Al Museo dell’Ara Pacis di Roma più di 200 scatti per celebrare il grande fotografo americano
Dal 29 Maggio al 4 Ottobre il Museo dell’Ara Pacis di Roma ospita la mostra Le Forme della Bellezza, più di 200 scatti del fotografo americano Robert Mapplethorpe. Curata da Denis Curti, l’esposizione esplora la relazione tra arte, corpo umano e perfezione fisica.
La mostra è divisa in diverse sezioni, che esplorano gli stili, i temi e i soggetti affrontati da Mapplethorpe nel corso della sua carriera.
Una delle sezioni è dedicata alle sue “muse”, due donne hanno avuto una grande influenza nella vita di Mapplethorpe: l’amica, amante e confidente Patti Smith e la culturista e modella Lisa Lyon. Patti Smith è stata una delle figure più importanti nella vita di Mapplethorpe e questo si evince dalle sue fotografie, caratterizzate da uno spirito diverso rispetto alle altre in esposizione, a simboleggiare il rapporto intimo e personale che c’era tra i due. Le foto della Lyon invece sono una rappresentazione di come un essere umano possa incarnare sia l’energia femminile che maschile: viene catturata in pose che evidenziano la sua muscolatura ma anche mentre indossa abiti con stampe animalier, mettendo in scena tutta la sua femminilità.

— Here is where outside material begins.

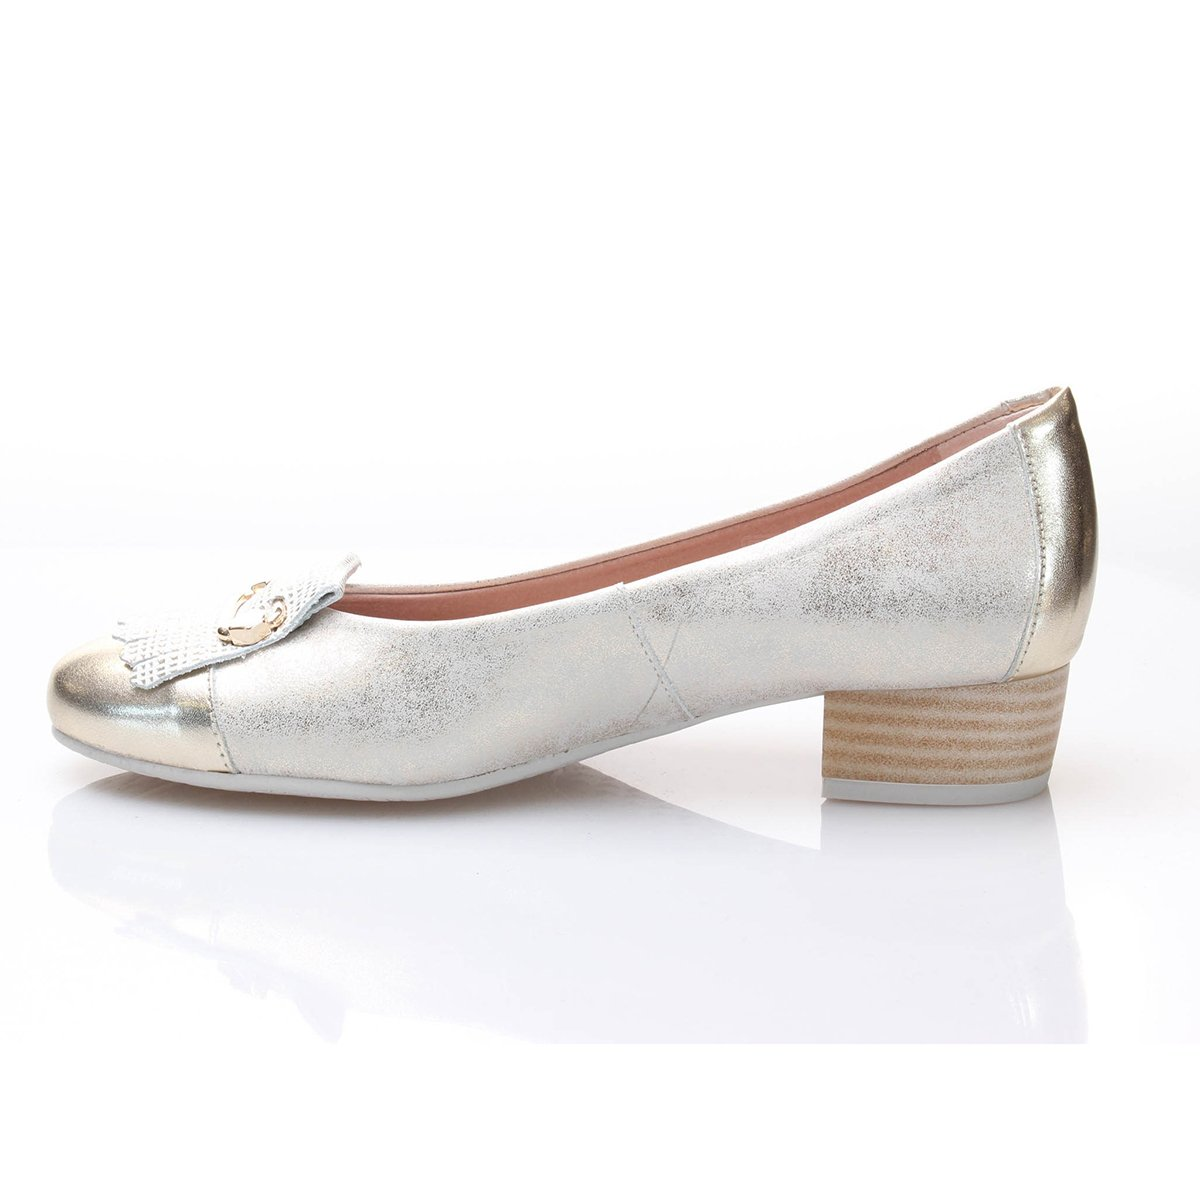 Pitillos Zapato Fleco Puntera Mujer Oro 35 pBmkG

La vita di Mapplethorpe fu breve: morì a 42 anni di AIDS. Gli autoritratti esposti risalgono agli ultimi anni della sua vita e, nonostante la parte finale della sua vita sia stata caratterizzata dalla malattia, il dolore non si riflette nelle immagini presentate. Lo si vede indossare vari costumi e assumere varie pose, la più eclatante delle quali è quella in cui fissa la telecamera con una giacca di pelle e in mano una mitragliatrice con un pentagramma dipinto sul muro alle sue spalle.
Mapplethorpe ha vissuto e svolto la maggior parte del suo lavoro a New York City negli anni ’70 e ’80; in mostra anche i ritratti che ha scattato ai vari artisti e celebrità. Yoko Ono, Arnold Schwarzenegger, Keith Haring, Susan Sarandon, Richard Gere e Christopher Lambert sono solo alcuni dei grandi nomi che hanno posato per lui durante la sua breve carriera.

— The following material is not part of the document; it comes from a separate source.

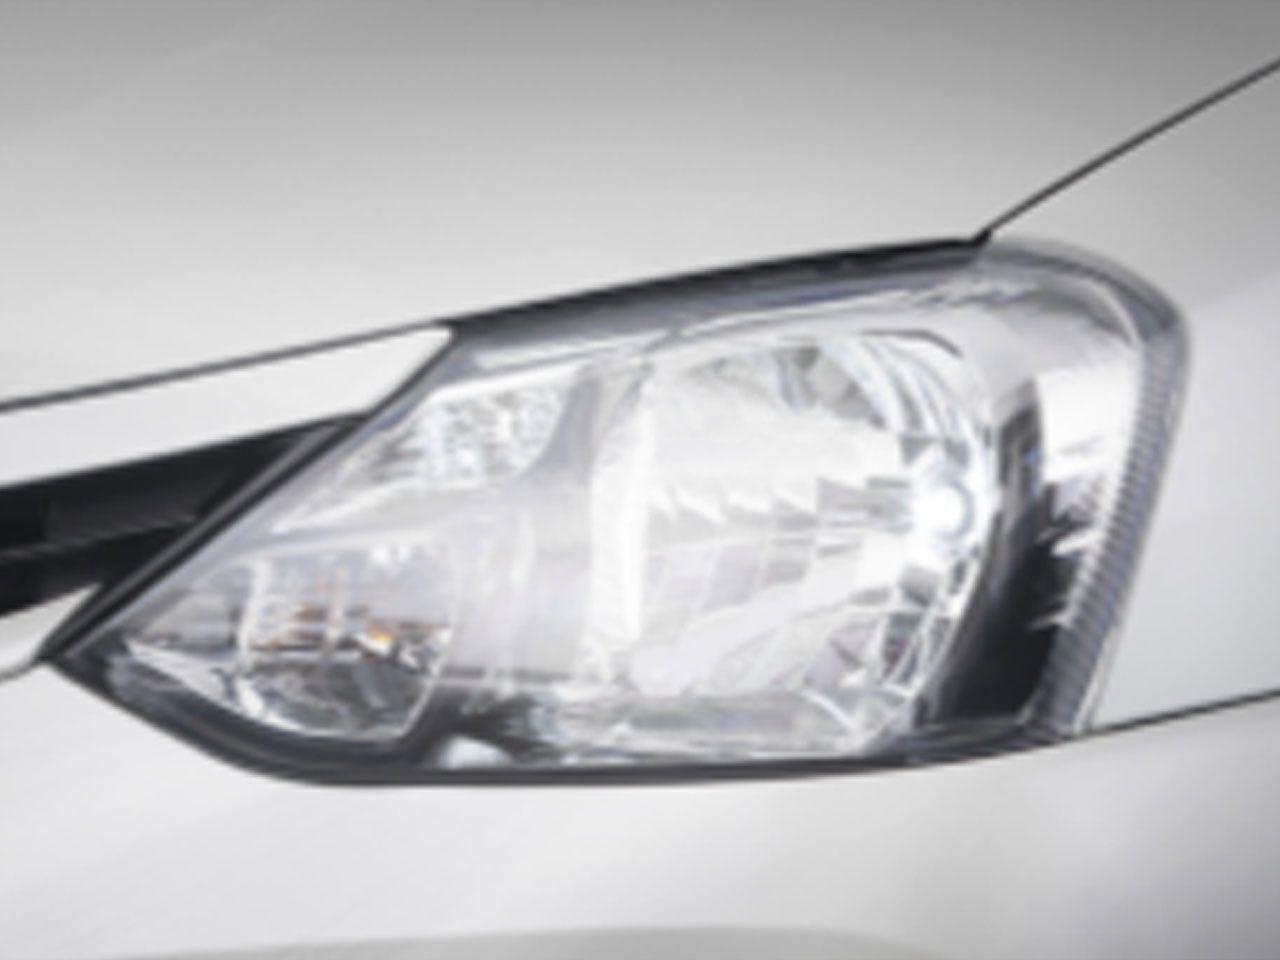 Kit de Lâmpadas de Luz Branca para Faróis e Lanternas Etios Sedã X  - Mirai Peças Toyota

Grande spazio al tema del nudo, maschile e femminile, messo a paragone con la statuaria antica. Proprio per sottolineare questo parallelo in mostra sono presenti anche due sculture del I secolo d.C. provenienti dai Musei Capitolini: la Statua di Afrodite e la Statua di un Atleta. Mapplethorpe si focalizza sulle singole parti del corpo, enfatizzando la muscolatura e il gioco strutturale dato dalle ombre e dalla luce.


L’arte di Mapplethorpe, oltre a celebrare la bellezza del corpo umano, si focalizza spesso sul tema dei fiori: famoso a tal riguardo è il suo libro postumo Flowers, del 1990. Spesso le immagini dei modelli sono accompagnate da una raccolta di immagini floreali, che mostrano non solo le forme della bellezza nel mondo umano, ma anche in quello naturale.
La mostra si conclude con un omaggio al nostro Paese, con una serie di foto scattate da Mapplethorpe durante il suo soggiorno in Italia.

Completano la mostra audioguide e un podcast di due episodi che approfondiscono la storia della collezione esposta.